Merry Christmas everyone!
My niece-in-law Hope recently posted a Contentment Challenge for 2014 on her blog. I invite you to give it a read.
I admire her resolve, even if I’m not so sure I will join her.
She did inspire me to issue my own challenge:
Do you have more Santas than my sister-in-law Debbie?
I didn’t think so.
Purchased December 30, 2012. Brand new. Twelve month-themed sock monkey images contained within imaginative and in excellent condition.
Fun year ahead — check.
Given to Rory on Christmas Eve 2012. Brand new. Ball on Santa hat chewed off within moments of gifting.
Hat destroyed — check.
Relationship with sock monkey secured — double check.
Did you know you can track Santa’s progress tonight via NORAD?
Yep, as in the North American Aerospace Defense Command. And all because of a misprinted phone number.
Back in 1955, a newspaper ad for a Sears store in Colorado Springs advertised a direct line to Santa Claus. Callers instead reached CONRAD — NORAD’s predecessor — and hotline operator Colonel Harry Shoup obligingly used the radar to track Santa for the kids on the line.
That’s customer service, folks.
And a tradition was born. Since 1958, NORAD volunteers have personally responded to phone calls and emails about Santa from children all around the world. Today NORAD provides up-to-the-minute info on Santa’s location via Google Earth and Google Maps, and Twitter and Facebook posts about each sighting, including the cookies and beverages consumed by the big man at each stop.
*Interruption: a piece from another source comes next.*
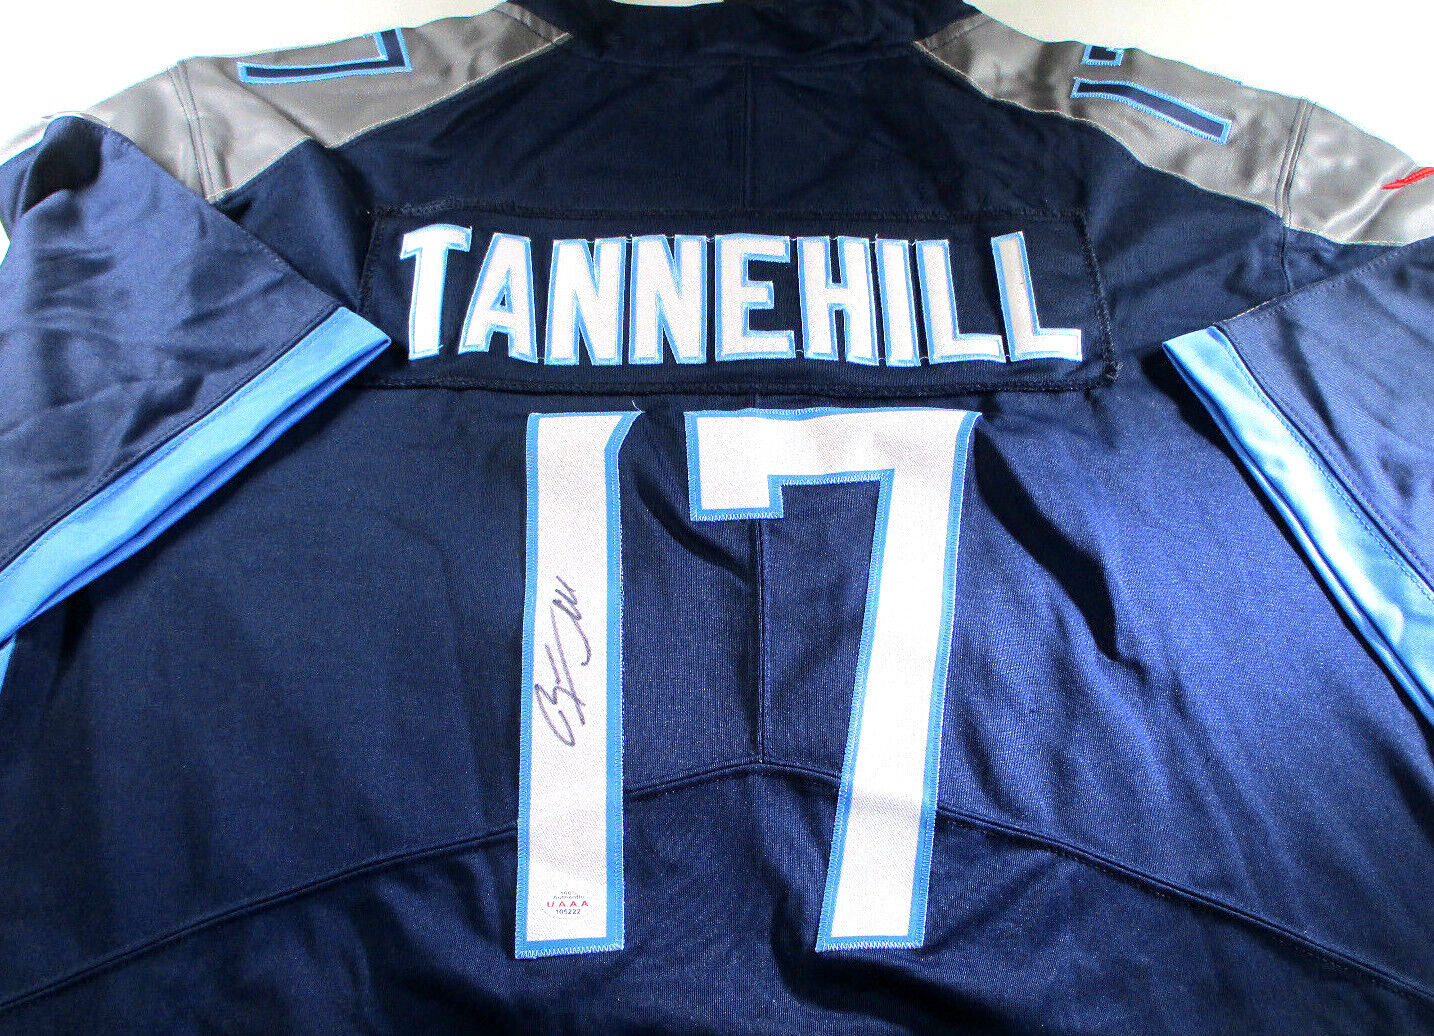 Ryan Tannehill / Autographed Tennessee Titans Pro Style Football Jersey / COA

Talk about turning a wrong into a right.
Way to go, Harry.
Have you ever wanted to — how should I say this — open a big can of whoop ass on Santa?
The holiday hustle and bustle is getting to you, and the idea of taking it out on the guy in the red suit would be somewhat cathartic?
Here’s your chance.
California artist Michael Oddo, who is internationally known for his work in oil, has created a line of wooden ornaments that depict St. Nick, that jolliest of elves, being tortured, executed, beaten, electrocuted and — coming soon — hanged by an evil dwarf.
Ho Ho No!
Oddo didn’t premeditate these crimes against Christmas. Four years ago, he was invited to an ornament exchange party where everyone was required to make their own. His annoyance with the event — and at how much money people spend on the holidays overall — resulted in his first “Suffering Santa” wooden ornament: Santa on a guillotine, his head in a basket.
People at the party lost theirs over the wooden masterpiece — sorry, it had to be said — and Oddo found himself taking orders for more. He hasn’t built a website, but he does takes online orders on his Facebook page (once he friends you, of course). They run around $100 each. And he says he is open to licensing his ornaments to a major retailer if there is interest.
Wonder if Oddo minds how much money people spend on Christmas now?